Czas zapłaty

2011.10.04

Zespół "Rzeczy Wspólnych"

Łukasz Czernicki

Groźba bankructwa państw, pękające bańki spekulacyjne i problemy w sektorach bankowych – to powszechnie znane symptomy kryzysu w strefie euro. Rzadziej w komentarzach przebija się fakt, że w okresie od jej powstania miała miejsce gigantyczna misalokacja kapitału. Jaka jest geneza problemów strefy euro? Kto zawinił? W jakim stopniu fakt posiadania wspólnej waluty wpłynął na rozmiar kryzysu?

Okres od zakończenia II wojny światowej do utworzenia strefy euro to seria nieudanych prób stabilizacji kursów walutowych. Czy to w systemie z Bretton Woods, czy w ramach Europejskiego Systemu Walutowego, państwa członkowskie nie potrafiły zharmonizować polityki fiskalnej i monetarnej. Skutkiem tego były ciągłe deprecjacje walut krajów mniej zdyscyplinowanych fiskalnie i prowadzących bardziej ekspansywną politykę pieniężną ((Zob. H.H. Lechner, „Währungspolitik”, Berlin 1988.)). Dla przykładu w latach 1969-1999 wartość franka francuskiego i włoskiego lira spadła w stosunku do marki niemieckiej odpowiednio o 60 proc. i 80 proc. ((Dane za: www.bundesbank.de)). Unia Gospodarczo-Walutowa miała położyć temu kres – miała ostatecznie i nieodwołalnie usztywnić kursy walut krajów Unii Europejskiej.

Jaka unia walutowa?

Na drodze do utworzenia UGW starły się dwie wizje integracji walutowej: wizja niemieckiego banku centralnego (Bundesbanku) i wizja francuska, popierana również przez inne kraje chętnie finansujące swoje długi w bankach centralnych i przez środowisko niemieckiej lewicy. Ekonomiści związani z Bundesbankiem zdawali sobie doskonale sprawę, że podejście poszczególnych krajów w Europie do stabilności monetarnej i do dyscypliny fiskalnej bardzo się różni i że unia walutowa bez odpowiedniej otoczki instytucjonalnej i dostatecznej integracji politycznej to ryzykowne przedsięwzięcie.
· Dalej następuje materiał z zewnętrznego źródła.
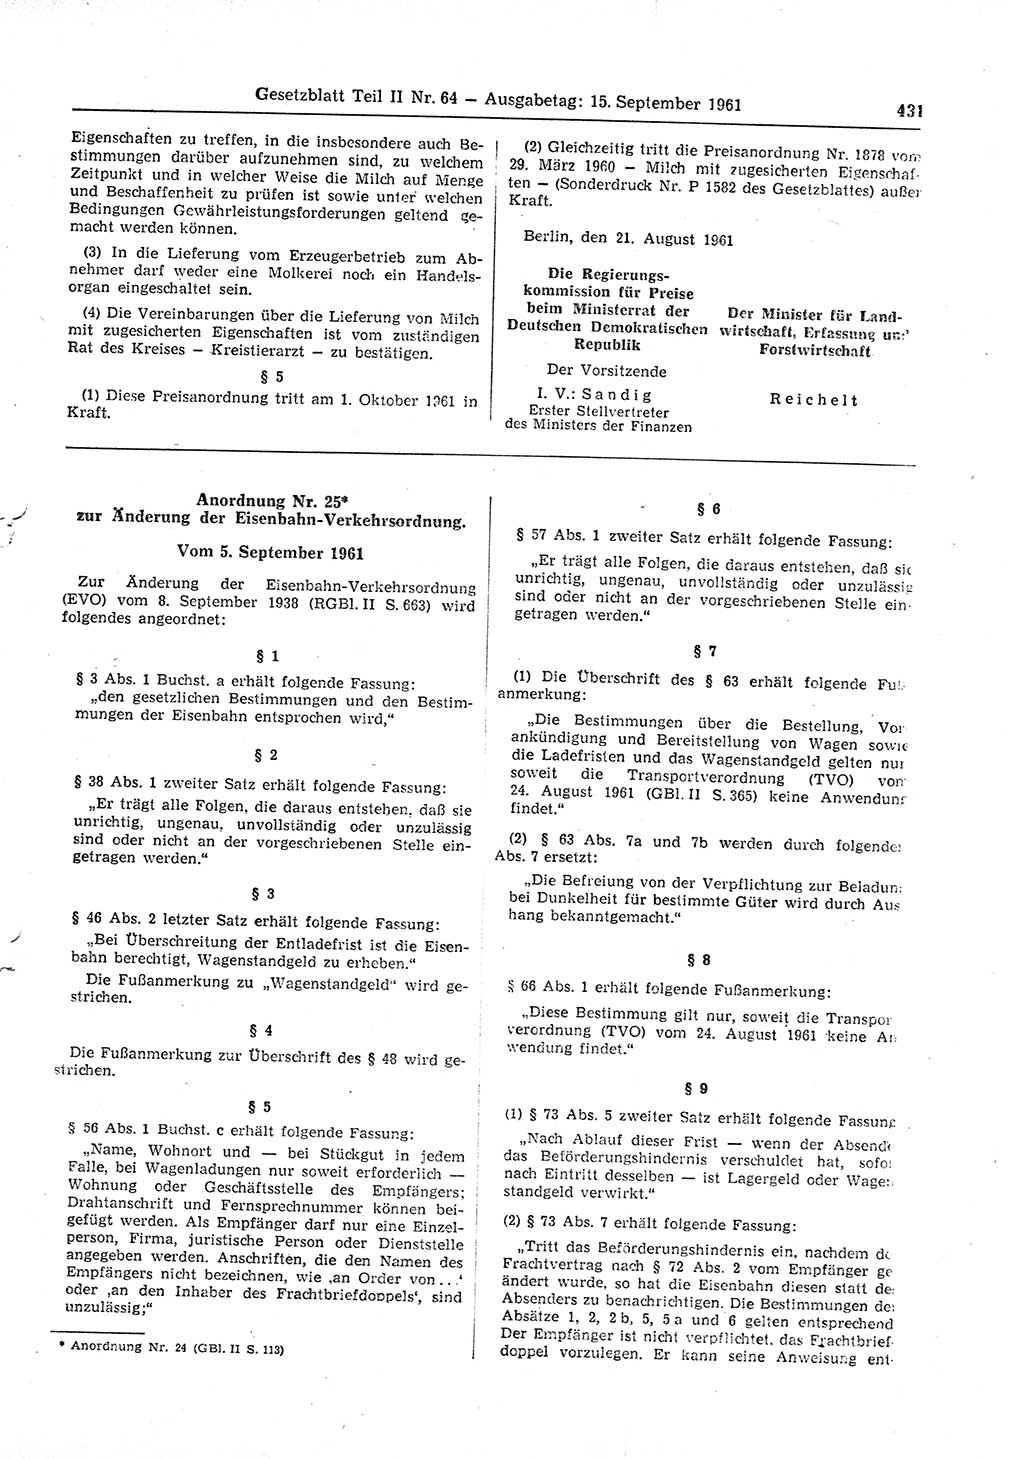 Gesetzblatt (GBl.) der Deutschen Demokratischen Republik (DDR) Teil ⅠⅠ 1961, Seite 431 (GBl. DDR ⅠⅠ 1961, S. 431)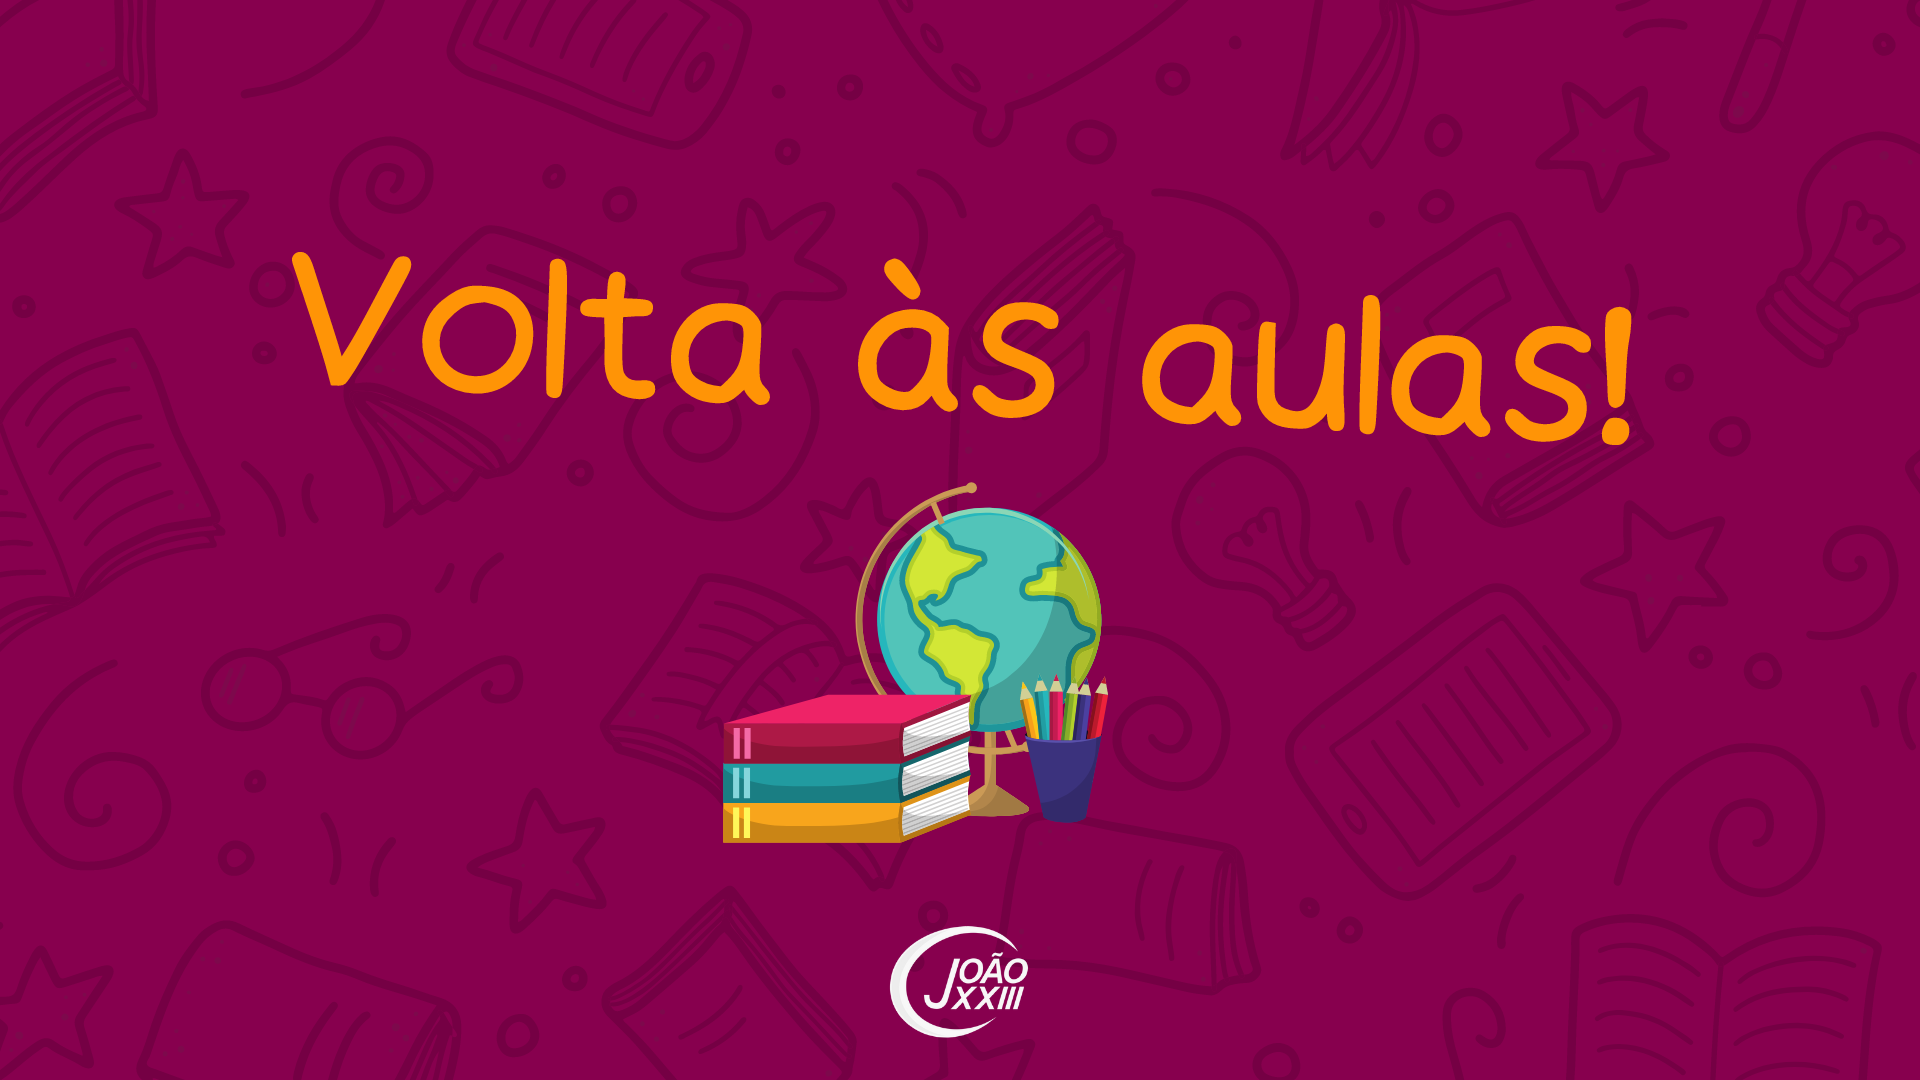 Read more about the article Volta às aulas!

Wprowadzenie euro warunkowali ściślejszą unią polityczną, w ramach której będzie możliwy nadzór nad polityką fiskalną poszczególnych państw. Poprzedzenie integracji walutowej zjednoczeniem politycznym odkładało w daleką przyszłość przyjęcie wspólnej waluty w Europie, co było Francji bardzo nie na rękę, gdyż chciała integracji walutowej możliwie jak najszybciej i na każdych warunkach. Z punktu widzenia Paryża jeden pieniądz i jeden bank centralny oznaczał wyeliminowanie z gry Bundesbanku. Niemiecki bank centralny prowadził od momentu swojego powstania bardzo twardą politykę monetarną, nie finansował długu państwowego i nie pozwalał na silniejszy wzrost inflacji. Przez to inne kraje, które nie chciały dopuścić do zbytniego osłabienia swoich walut względem marki, zmuszone były do ograniczenia tempa monetaryzowania długu. Można zatem powiedzieć, że Bundesbank wpływał pośrednio na francuską politykę fiskalną. Pech chciał, że w okresie gdy krystalizował się kształt przyszłej unii walutowej, Niemcy potrzebowały poparcia Francji dla swojej polityki wschodniej, szczególnie dla kwestii zjednoczenia z NRD i były gotowe na daleko idący kompromis ((Zob. D. Lindenlaub, „Für eine Stabile Gemeinschaftswährung”, Bundesbank (2009).)). Jeśli niemożliwe było dostatecznie szybkie zjednoczenie polityczne i zapewnienie centralnego nadzoru fiskalnego w przyszłej UGW, to przynajmniej polityki fiskalne krajów ją tworzących miały być odpowiednio spójne. I tak kompromisem w tej kwestii było stworzenie reguł, które musiały spełnić państwa członkowskie przyszłej strefy euro – kryteriów konwergencji. Wypełnienie ich miało być niejako sprawdzianem, czy dany kraj jest w stanie sprostać niemieckim standardom dotyczacym stabilności fiskalnej.

Zgniły kompromis

Kryteria konwergencji okazały się problematyczne z kilku powodów. Przede wszystkim tworząc je, nie pomyślano o odpowiednich mechanizmach kontrolnych i sankcyjnych dla krajów znajdujących się już w strefie euro. Zupełnie nieskuteczny okazał się na tym polu Pakt Stabilności i Wzrostu z 1997 roku, który co prawda zakładał pewne kary finansowe dla państw niewypełniających kryteriów konwergencji. Jednak jeszcze przed wybuchem kryzysu Francja i Niemcy, mimo przekroczenia dopuszczalnej wysokości deficytu finansów publicznych, nie poniosły żadnych konsekwencji. Ponadto, głównie ze względu na państwa o wysokim poziomie zadłużenia, złagodzono wymowę kryterium fiskalnego. Wysokość całkowitego zadłużenia krajów UE chcących przystąpić do strefy euro nie musiała być koniecznie niższa od 60 proc. PKB. Wystarczyło, że państwa kandydujące do strefy euro wykazały znaczny spadek wartości zadłużenia zbliżający je do wartości referencyjnej. Dzięki temu do unii walutowej przystąpiły kraje takie jak Włochy czy Grecja, których zadłużenie w momencie akcesji do strefy euro przekraczało 100 proc. w stosunku do PKB.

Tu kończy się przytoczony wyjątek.